06 94316041
349 7093510

Il magazzino si gestisce dove sta il materiale: Stack ora si usa dal telefono

STACK.logic · Magazzino

Scarico, ordini, inventario e scadenze si fanno davanti all’armadio, con il telefono che si ha già in tasca. Niente app da installare, niente accessori da comprare.

C’è un motivo preciso per cui il magazzino di uno studio tende sempre a disallinearsi, ed è molto banale: il materiale sta in un armadio e il computer sta da un’altra parte. Si apre l’anta, si prende una scatola, e per registrarla bisognerebbe tornare alla postazione. Il più delle volte non si torna: ci si segna qualcosa su un foglietto, e quel foglietto ha una vita media di poche ore.

Non è pigrizia, è aritmetica. Se registrare un prelievo costa due minuti e una camminata, e non registrarlo costa zero, prima o poi vince lo zero. L’unico modo per invertire il conto è portare il programma dove sta il materiale.

Da oggi Stack si apre dallo smartphone.
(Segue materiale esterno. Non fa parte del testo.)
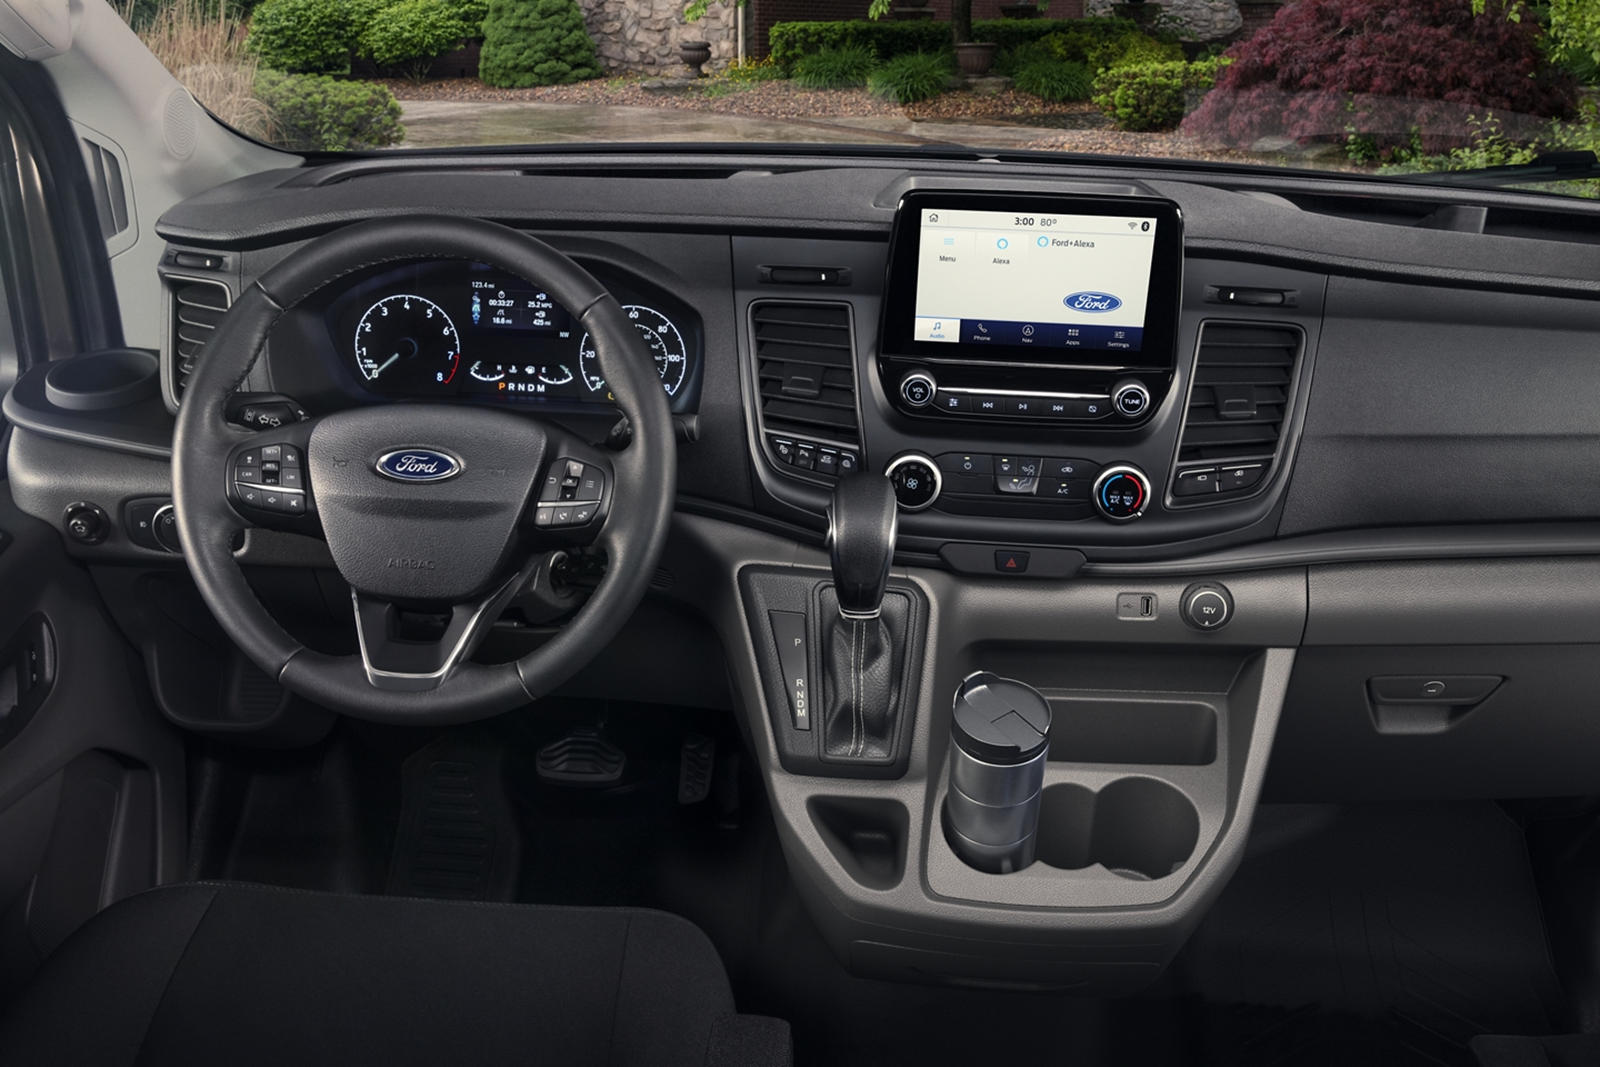 Ford Tourneo interior - Cockpit

Non è un’app da scaricare dagli store e da tenere aggiornata: è una pagina web che si apre dal telefono, con le proprie credenziali, e che permette di fare le operazioni di magazzino nel punto e nel momento in cui accadono davvero.

Che cosa si fa dal telefono

  • Si vede come sta il magazzino appena si apre: sotto scorta, scaduti, in scadenza;
  • Si scarica il materiale mentre lo si preleva, con il lotto giusto proposto da solo;
  • Si ordina ciò che sta finendo, con la confezione ancora in mano;
  • Si fa l’inventario davanti allo scaffale, senza carta e senza ribattere;
  • Si consulta qualsiasi prodotto: giacenza, lotti, scadenze, come lo si compra;
  • Si controllano i movimenti della giornata, e si annulla un errore in un tocco.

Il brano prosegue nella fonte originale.